**WHAT YOU NEED TO DO**
Using the listing below, work out how many lines contain the word "Fondos", and respond with that number alone.

-=-=-=-=-

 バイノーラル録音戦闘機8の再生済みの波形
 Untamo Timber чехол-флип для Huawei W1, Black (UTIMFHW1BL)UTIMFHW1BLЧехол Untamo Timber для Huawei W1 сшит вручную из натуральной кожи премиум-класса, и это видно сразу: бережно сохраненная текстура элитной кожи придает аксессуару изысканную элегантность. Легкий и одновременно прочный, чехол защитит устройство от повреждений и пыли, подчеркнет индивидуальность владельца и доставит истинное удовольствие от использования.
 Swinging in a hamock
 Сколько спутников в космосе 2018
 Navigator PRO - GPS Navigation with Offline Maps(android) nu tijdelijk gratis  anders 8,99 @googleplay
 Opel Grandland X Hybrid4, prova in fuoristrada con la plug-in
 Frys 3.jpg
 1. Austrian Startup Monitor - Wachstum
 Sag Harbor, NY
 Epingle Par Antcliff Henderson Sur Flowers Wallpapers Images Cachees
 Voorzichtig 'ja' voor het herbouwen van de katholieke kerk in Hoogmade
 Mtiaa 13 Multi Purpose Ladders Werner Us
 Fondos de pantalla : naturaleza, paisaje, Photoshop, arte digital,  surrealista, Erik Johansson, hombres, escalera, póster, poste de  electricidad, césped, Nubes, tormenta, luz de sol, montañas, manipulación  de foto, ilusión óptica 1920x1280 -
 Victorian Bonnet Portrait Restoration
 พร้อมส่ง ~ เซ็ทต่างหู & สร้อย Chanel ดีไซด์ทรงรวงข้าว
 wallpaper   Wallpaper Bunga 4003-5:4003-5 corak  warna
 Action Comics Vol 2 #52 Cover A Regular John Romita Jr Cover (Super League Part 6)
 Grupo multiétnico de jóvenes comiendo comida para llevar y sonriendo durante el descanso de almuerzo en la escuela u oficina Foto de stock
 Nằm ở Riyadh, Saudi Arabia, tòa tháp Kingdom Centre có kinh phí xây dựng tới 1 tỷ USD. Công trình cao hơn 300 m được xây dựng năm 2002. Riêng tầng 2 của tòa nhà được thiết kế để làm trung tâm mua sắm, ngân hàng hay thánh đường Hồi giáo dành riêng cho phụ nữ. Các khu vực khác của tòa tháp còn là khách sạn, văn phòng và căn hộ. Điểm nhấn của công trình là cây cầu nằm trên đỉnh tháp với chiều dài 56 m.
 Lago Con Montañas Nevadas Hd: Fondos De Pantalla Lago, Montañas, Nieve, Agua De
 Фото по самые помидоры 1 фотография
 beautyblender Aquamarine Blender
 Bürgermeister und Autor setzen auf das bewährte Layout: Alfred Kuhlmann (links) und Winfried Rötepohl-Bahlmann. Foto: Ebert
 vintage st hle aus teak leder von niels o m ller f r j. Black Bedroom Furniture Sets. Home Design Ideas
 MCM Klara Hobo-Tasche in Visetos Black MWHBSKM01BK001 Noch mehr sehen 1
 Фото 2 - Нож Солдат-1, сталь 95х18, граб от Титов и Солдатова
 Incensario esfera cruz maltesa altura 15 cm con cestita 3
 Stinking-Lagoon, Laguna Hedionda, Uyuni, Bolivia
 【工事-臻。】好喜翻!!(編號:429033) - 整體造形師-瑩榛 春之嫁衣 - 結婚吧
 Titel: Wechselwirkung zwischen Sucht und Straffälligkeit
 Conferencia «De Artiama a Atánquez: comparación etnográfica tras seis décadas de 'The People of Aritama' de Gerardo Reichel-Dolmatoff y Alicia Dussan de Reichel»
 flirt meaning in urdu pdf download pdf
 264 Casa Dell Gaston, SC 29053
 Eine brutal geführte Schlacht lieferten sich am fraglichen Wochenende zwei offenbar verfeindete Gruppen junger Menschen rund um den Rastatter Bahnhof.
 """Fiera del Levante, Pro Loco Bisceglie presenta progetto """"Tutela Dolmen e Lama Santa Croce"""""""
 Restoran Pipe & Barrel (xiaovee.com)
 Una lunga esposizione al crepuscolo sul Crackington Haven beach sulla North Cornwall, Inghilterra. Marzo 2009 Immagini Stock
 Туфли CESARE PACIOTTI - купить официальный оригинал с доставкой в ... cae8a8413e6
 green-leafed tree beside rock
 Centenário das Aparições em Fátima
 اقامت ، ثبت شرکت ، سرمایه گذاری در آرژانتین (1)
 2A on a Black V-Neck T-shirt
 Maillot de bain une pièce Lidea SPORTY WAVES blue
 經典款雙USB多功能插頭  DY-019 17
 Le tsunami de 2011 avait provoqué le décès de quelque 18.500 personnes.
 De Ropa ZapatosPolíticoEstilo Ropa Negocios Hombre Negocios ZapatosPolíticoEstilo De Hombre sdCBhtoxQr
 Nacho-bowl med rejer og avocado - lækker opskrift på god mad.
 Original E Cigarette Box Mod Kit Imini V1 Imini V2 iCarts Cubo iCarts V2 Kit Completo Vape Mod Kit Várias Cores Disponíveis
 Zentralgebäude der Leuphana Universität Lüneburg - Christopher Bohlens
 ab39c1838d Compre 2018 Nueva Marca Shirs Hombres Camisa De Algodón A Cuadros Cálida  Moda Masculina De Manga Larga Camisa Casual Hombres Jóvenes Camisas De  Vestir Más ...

-=-=-=-=-

**SOLUTION TO THE EXERCISE**
2